This is another great spot to push responsibility into the Player class. Right now the outside code is “reaching in” to check bets, horses, and money — which makes it harder to change the logic later. We can simplify this as:

winning calculation...
    if player.madeAnyBet() {
        var M = player.collectPrize(if: winningHorse)
        PRINT("PLAYER \(j+1) ->PRIZE $\(M)")
    }

This requires couple methods in Player.

class Player...    
    func madeAnyBet() -> Bool {
        self.bet > 0
    }

    func collectPrize(if winningHorse: Horse) -> Int {
        guard
            let myhorse = self.chosenHorse,
            myhorse.equals(winningHorse)
        else {
            return 0
        }
        
        let prize = myhorse.calculatePrize(for: self.bet)
        self.money += prize
        return prize
    }
}

Here we are chaining the guard conditions with a comma. In Swift, commas inside a guard mean “all of these must hold”. Also notice that we created two methods on Horse class as well - equals and calculatePrize.

class Horse...
    func equals(_ other: Horse) -> Bool {
        self.symbol == other.symbol
    }
    
    func calculatePrize(for bet: Int) -> Int {
        self.odds * bet
    }
}

We no longer need H, since the odds of the winning horse is obtained by the players chosen horse, if its the winner. So we can further simplify this code:

winning calculation...
    var H = 0 // odds on winning horse
    var A$ = "" // winning horse
    for horse in horses {
        if Int(horse.position) == 23 {
            H = horse.odds
            A$ = horse.symbol
        }
    }

We can make this just one liner.

let winningHorse = horses.last { $0.position == 23 }!

Better, I can make this a computed property for horses. in the We can add an extension on Array constrained to Horse like this:

extension Array where Element == Horse {
    var winningHorse: Horse? {
        last { $0.position == 23 }
    }
}

winning calculation...
    if player.madeAnyBet() {
        var M = player.collectPrize(if: horses.winningHorse!)
        PRINT("PLAYER \(j+1) ->PRIZE $\(M)")
    }

Notice I am using ‘last’ since that is what the above for loop would have given. Now we are down to just 2 errors.

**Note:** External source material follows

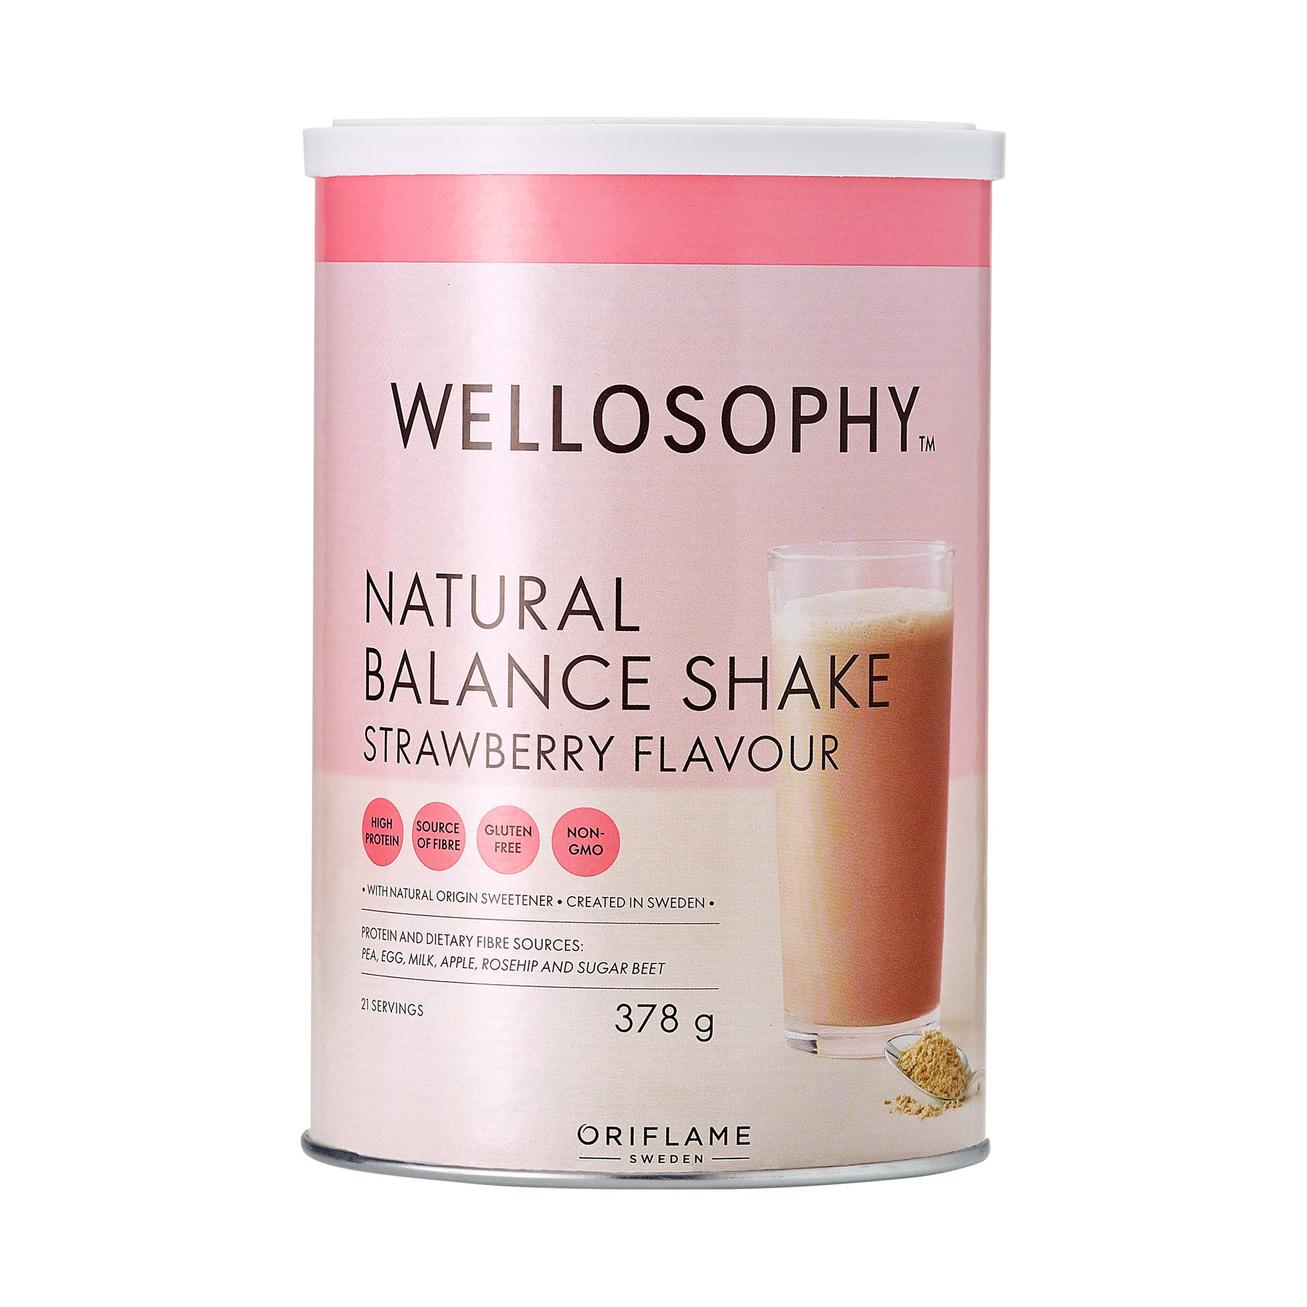 Natural Balance Shake Strawberry Flavour för 479 kr på Oriflame

Both for the exact print statements.

PRINT("PLAYER \(j+1) HAS $\(player.money)")

I am not ready to tackle print statements. So let me just create a remainingMoney() method on Player.

class Player...
    func remainingMoney() -> Int {
        self.money
    }

All errors gone! I can also quickly make chosenHorse as private as well.

class Player...
    private var chosenHorse: Horse?

This results in 2 errors. Both when a player chooses a horse:

choose horse...
    player.chosenHorse = horses[A$-1] 
    bet = INPUT("PLAYER\(j) \(player.chosenHorse?.symbol) MONEY")

I can create a choose() method in Player. And for the second, I can just use the local horses[A$-1].

class Player...
    func choose(horse: Horse) {
        self.chosenHorse = horse
    }

choose horse...
    player.choose(horse: horses[A$-1])
    bet = INPUT("PLAYER \(j) \(horses[A$-1].symbol) MONEY ")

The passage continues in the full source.